Artificial intelligence for sustainable agriculture: A review of machine learning and deep learning techniques for crop growth and yield prediction
Abstract
The climate change, the lack of resources, soil decline, the population growth, and food security have put additional pressure on agriculture, which poses an urgent necessity to improve the accuracy and sustainability of systems of crop growth and crop yield projections. Machine Learning and Deep Learning are types of Artificial Intelligence that have become a groundbreaking method to overcome these issues in Sustainable Agriculture and Precision Agriculture. It is a PRISMA-based literature review of recent advances in Crop Growth Prediction and Crop Yield Prediction based on data-driven farming strategies with the emphasis on the research published in the age of Smart Farming, Digital Agriculture, and Climate-Smart Agriculture.
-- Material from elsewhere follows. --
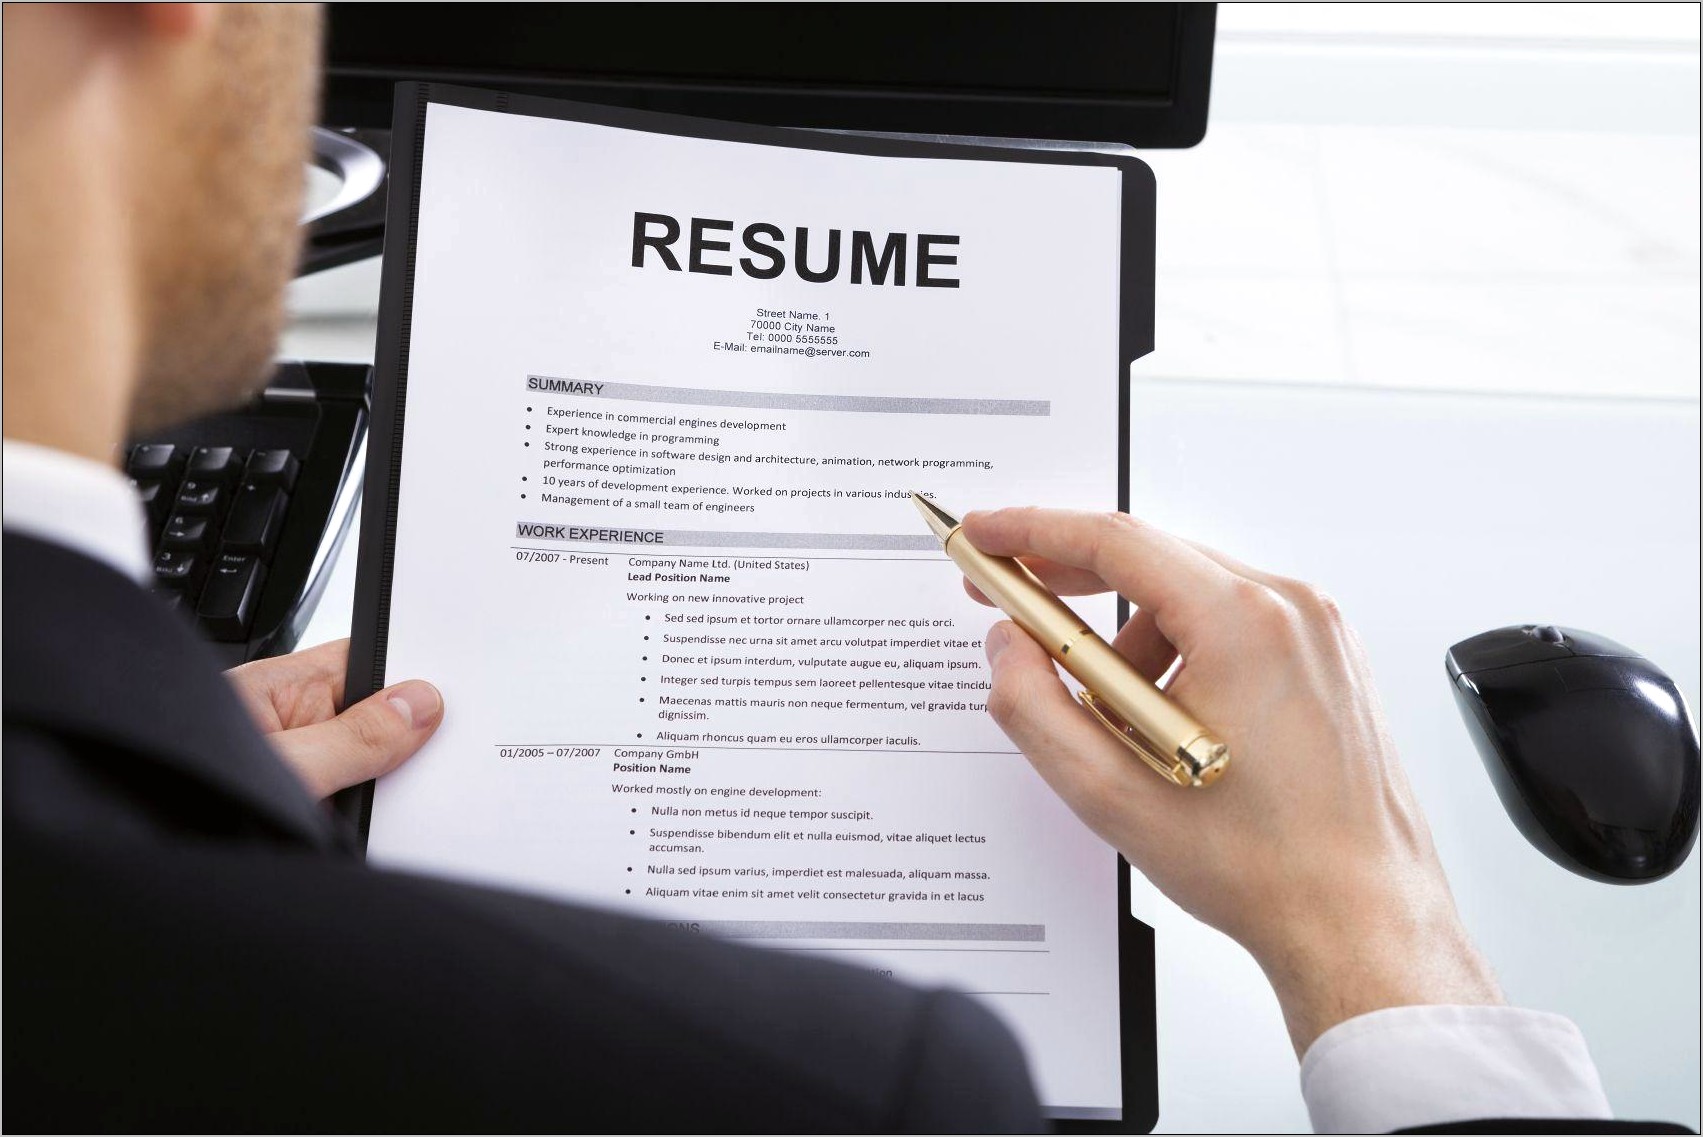 Resume Experience Descriptions Have A Period

The literature review was systematic in terms of tackling literature connected to machine learning, deep learning, remote sensing, UAV imagery, satellite imagery, Internet of Things sensors, and Agricultural Big Data to predictive modeling in agriculture. Typically used algorithms are Random Forest, Support Vector Machine, Gradient Boosting, Ensemble Learning, Convolutional Neural Network, Long Short-Term Memory, Reinforcement Learning, Transfer Learning, and Vision Transformer architectures. The results mean that Deep Learning-based architecture, in general, and hybrid CNN-LSTM and multimodal architectures in particular, are typically more successful in Crop Yield Prediction than classical statistical approaches, especially with the inclusion of weather, soil, vegetation index, and remote sensing data.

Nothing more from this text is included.